Reach Marketing consultant Burt Flickinger said growing power on the supermarket side can help restore balance: "It gives branded manufacturers a hedge because too much of their volume base is at Wal-Mart."
KMART, COSTCO MOVE UP
Other mass merchandisers are moving up the food chain. Kmart Corp. has pinned hopes for a rebound on the addition of commodity and consumable products in its Big Kmart stores. And warehouse clubs such as Costco continue to gnaw at grocery store sales.
"Even customers who shop at Neiman's get toilet paper at Wal-Mart," said Lauren Freedman, president, E-tailing Group.
And while Web-based grocery channels are a long way from tackling logistical problems, their emergence has changed the marketing landscape. "It's becoming a direct marketing science rather than a shelf management system," Ms. Freedman said.
Large chains are not the only ones needing to focus on branding. For smaller chains, such as New York's Waldbaum's Supermarkets, survival centers on local brand image. A Long Island store may require a seafood section; a Manhattan shop, a gourmet deli.
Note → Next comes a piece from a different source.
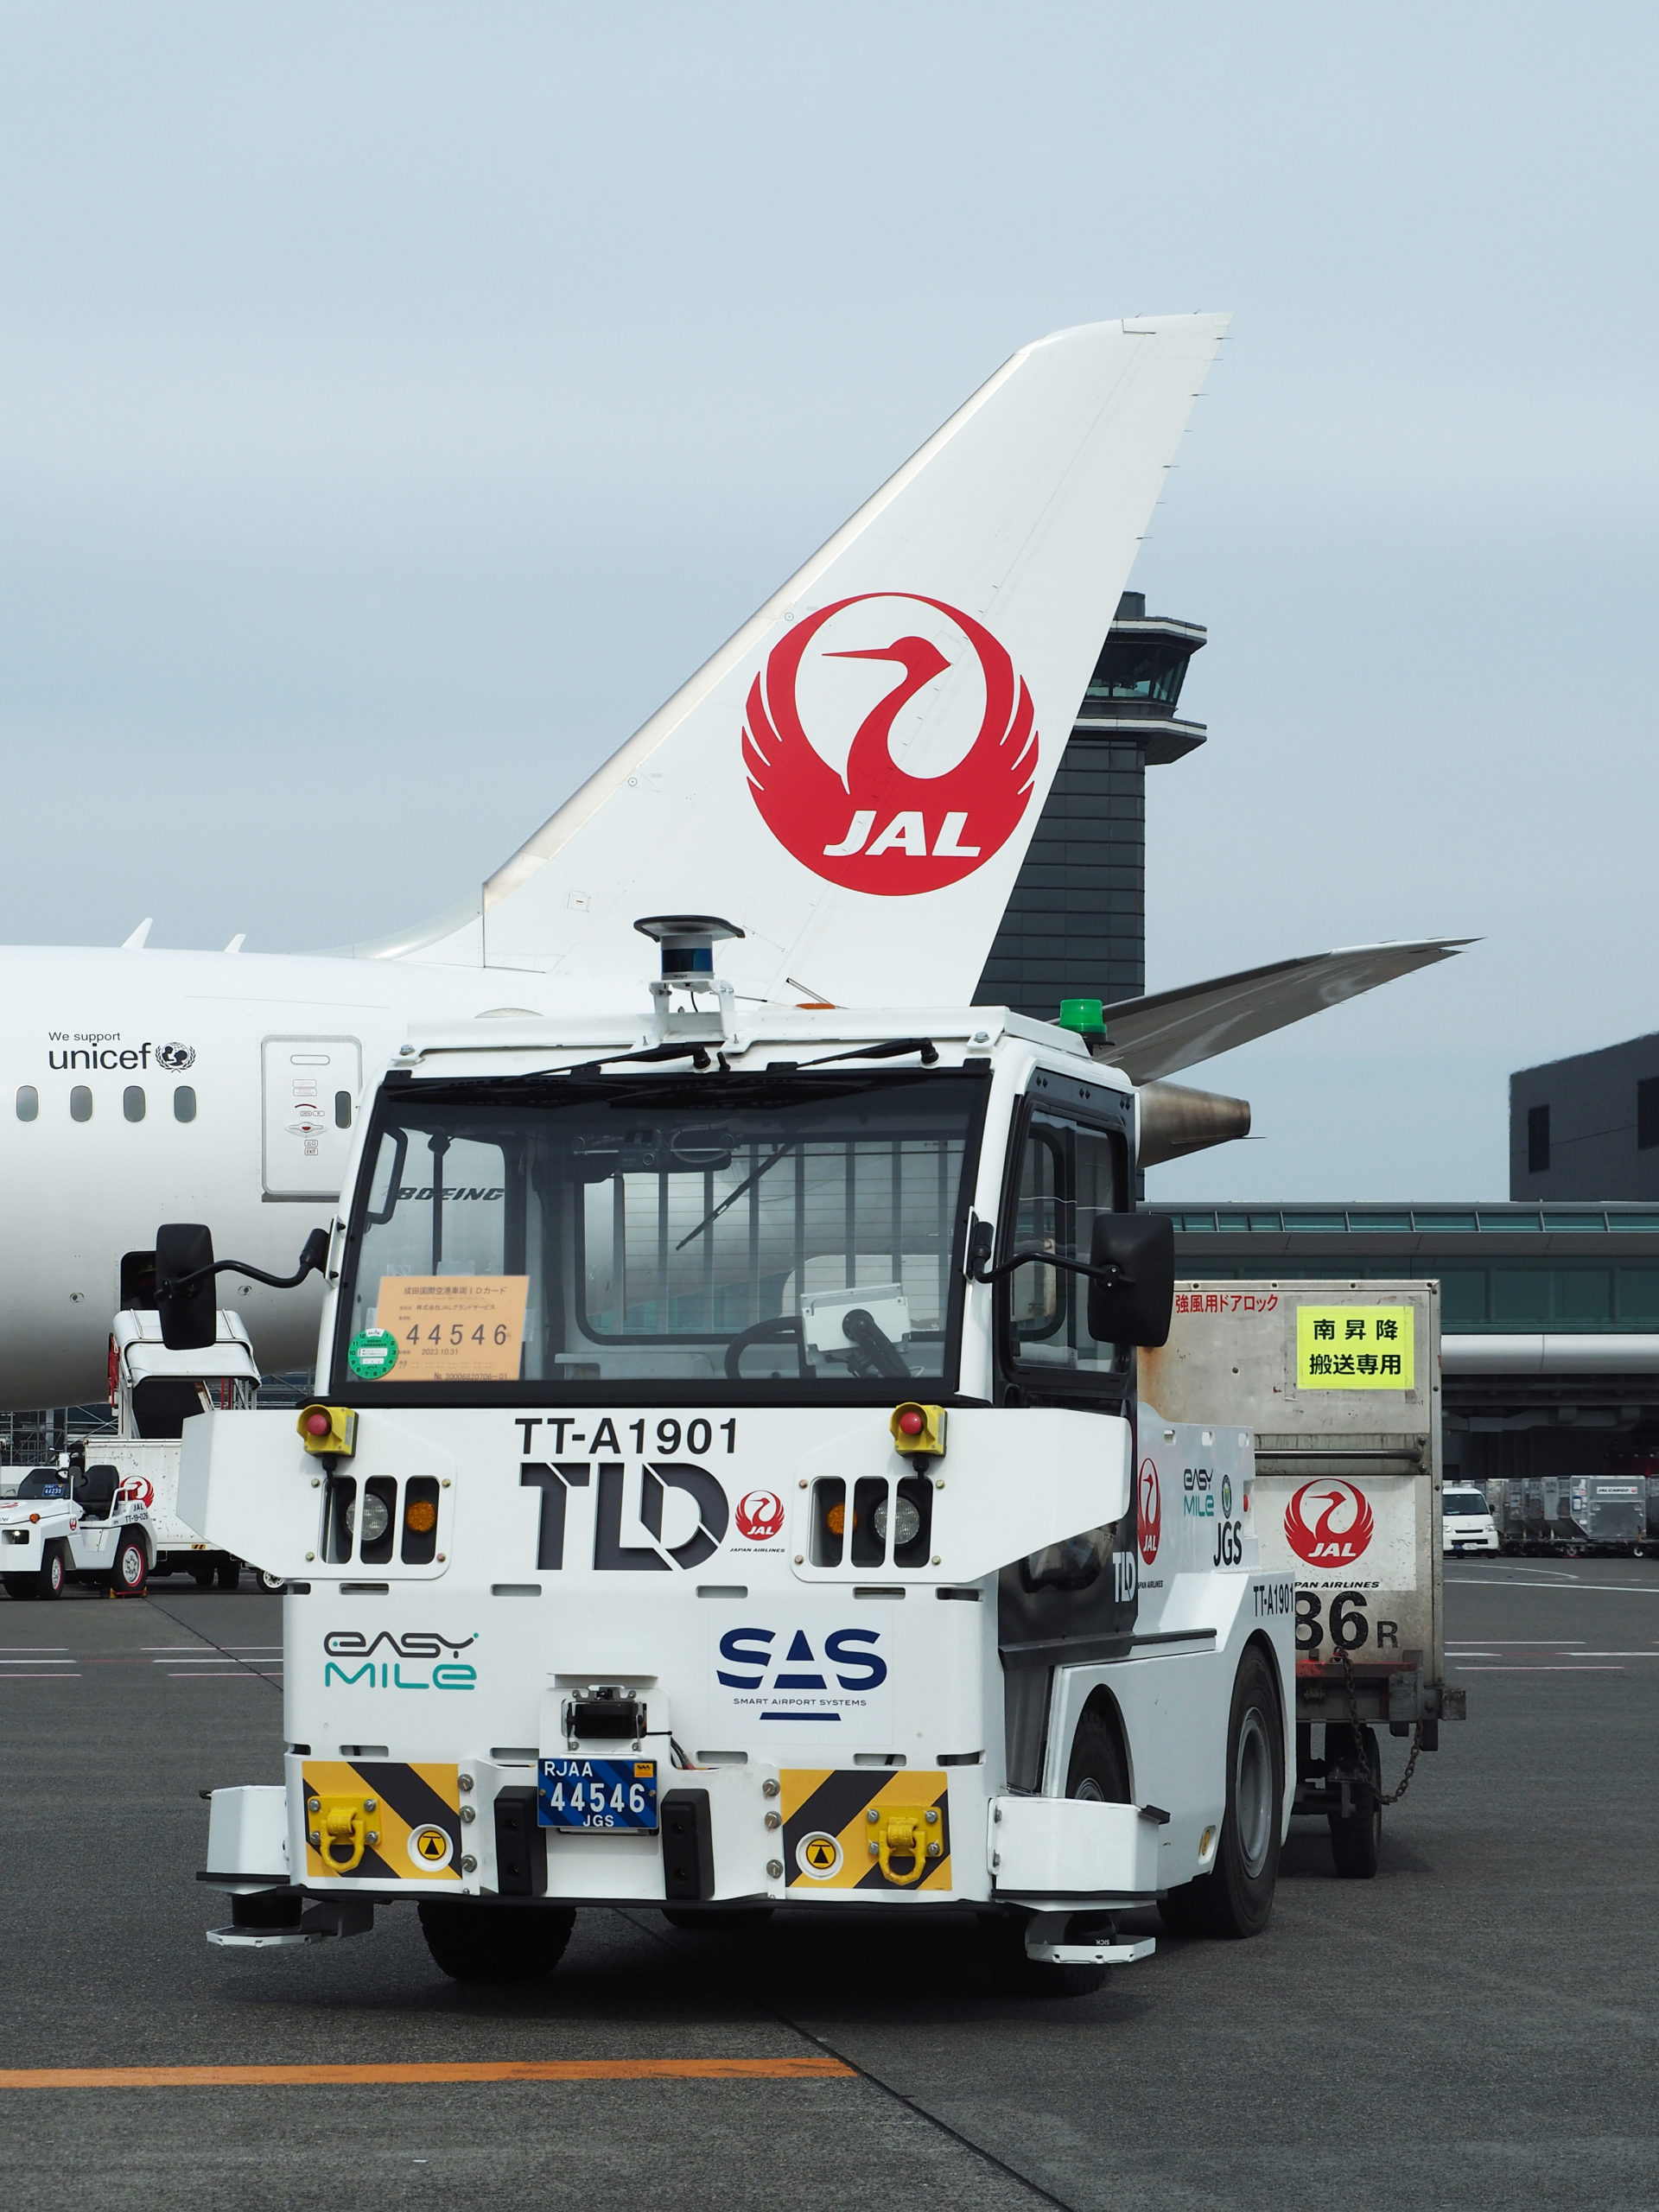 jal satellite travel company limited

Albertson's is expected to keep its everyday-low-price strategy after the merger and may bring that philosophy to American Stores' Jewel Food Stores and Acme Markets chains.
American Stores has called off its $35 million ad review for Lucky Stores; Albertson's is handled by Duncan & Associates, Santa Monica, Calif. Lois/EJL, Chicago, has Jewel and Reimel Carter, Malvern, Pa., has creative for Acme.